INPUT DATA:
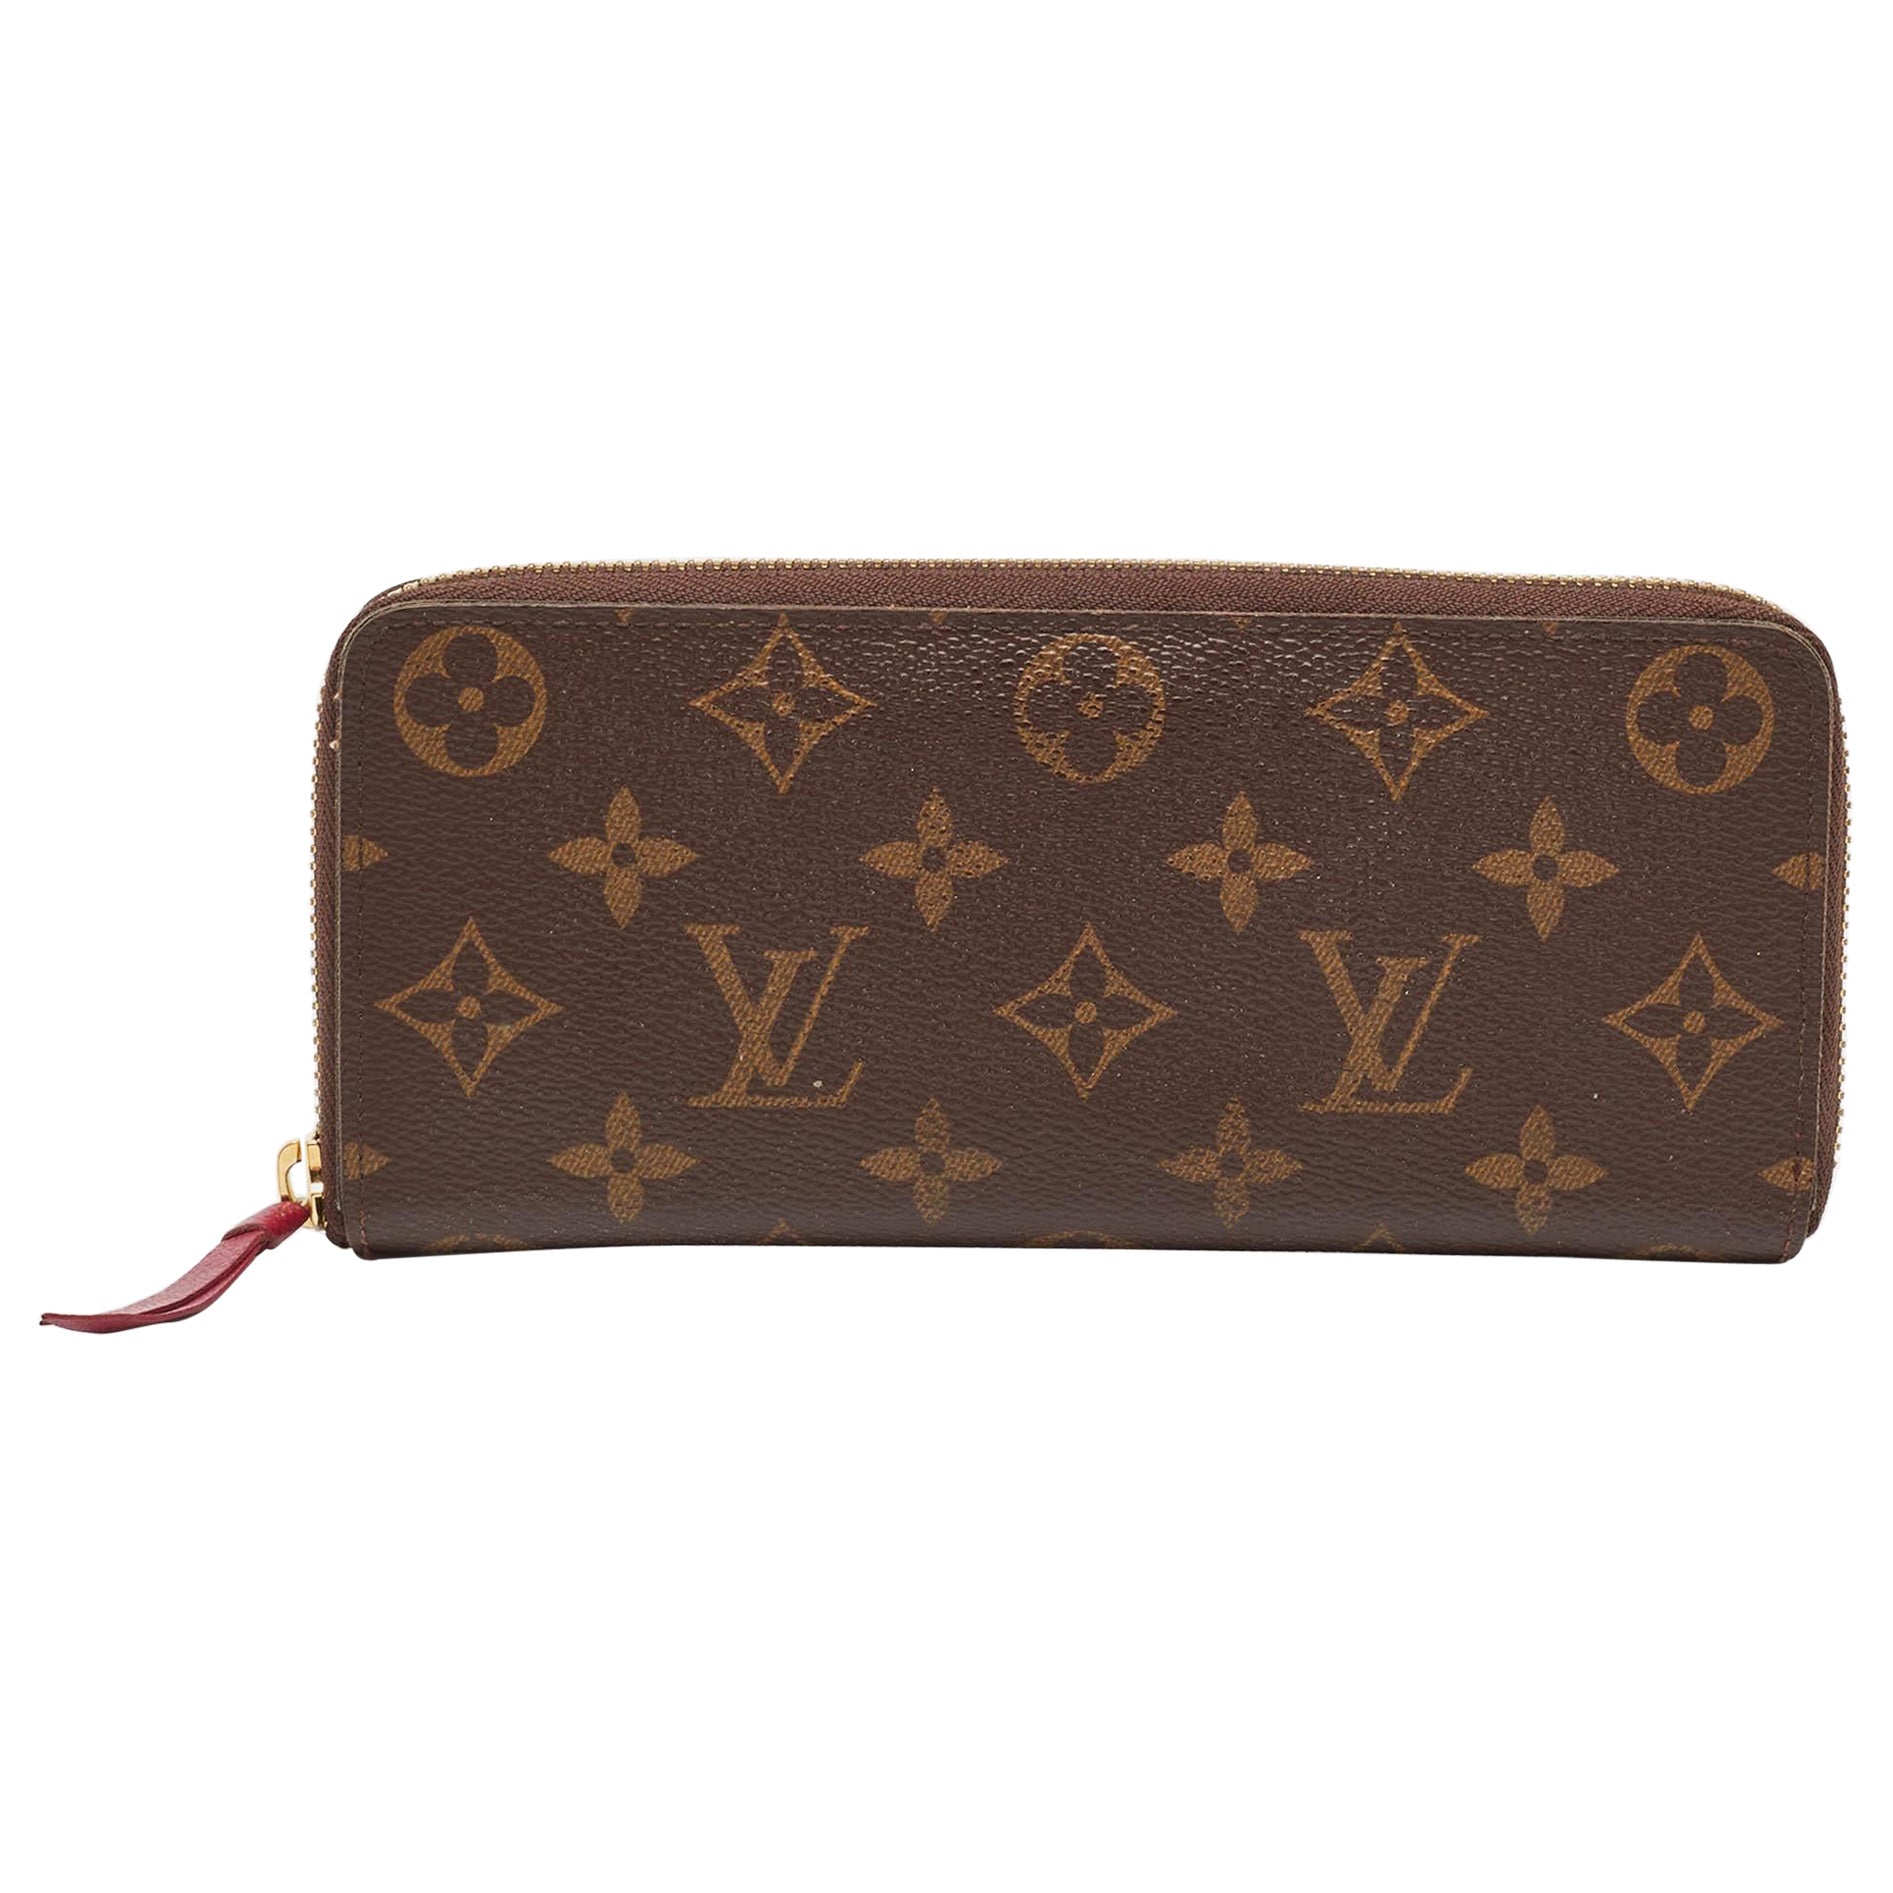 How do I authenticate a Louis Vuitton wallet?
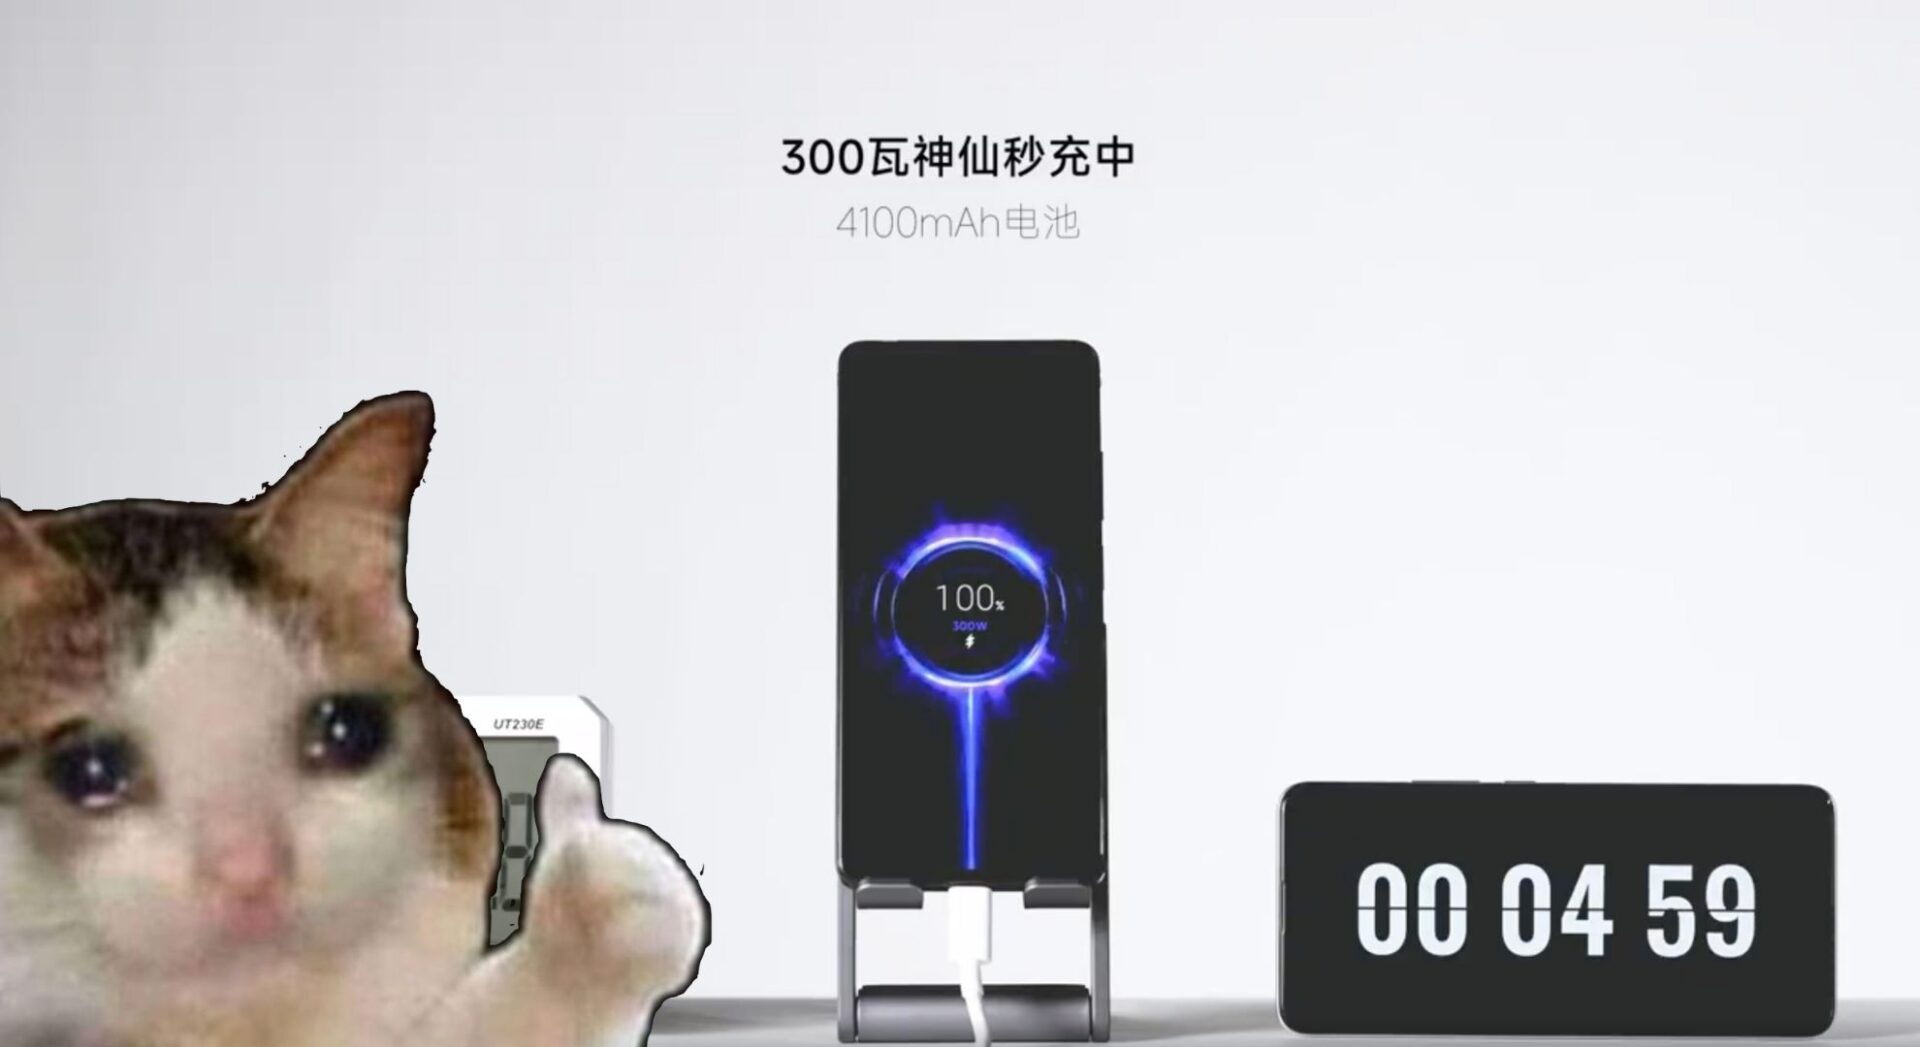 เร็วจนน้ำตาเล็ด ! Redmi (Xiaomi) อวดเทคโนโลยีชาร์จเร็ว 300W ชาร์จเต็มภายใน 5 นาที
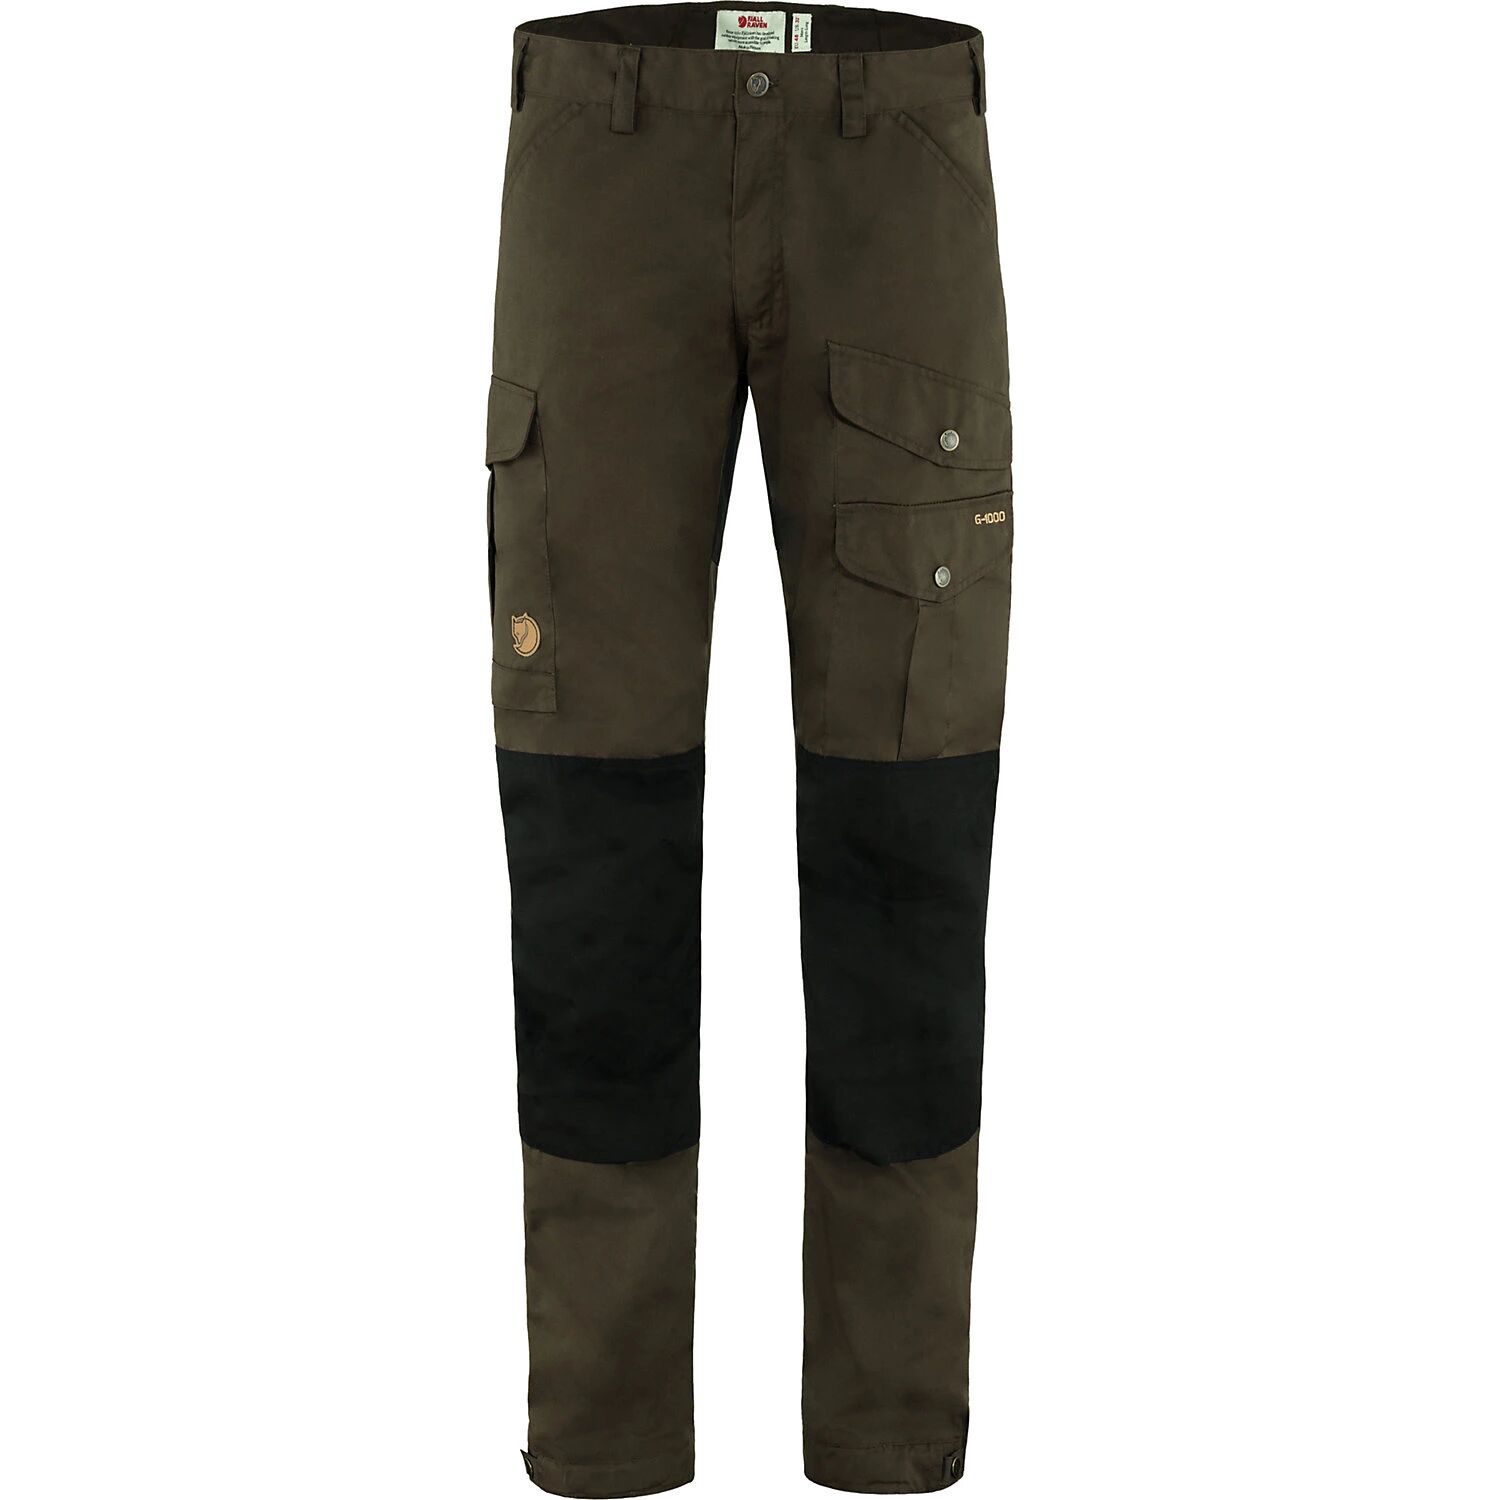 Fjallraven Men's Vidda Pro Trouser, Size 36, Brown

PROBLEM:
If pictures appear in the data, omit them and copy all other parts exactly.

EXERCISE RESULT:
 How do I authenticate a Louis Vuitton wallet?
 เร็วจนน้ำตาเล็ด ! Redmi (Xiaomi) อวดเทคโนโลยีชาร์จเร็ว 300W ชาร์จเต็มภายใน 5 นาที
 Fjallraven Men's Vidda Pro Trouser, Size 36, Brown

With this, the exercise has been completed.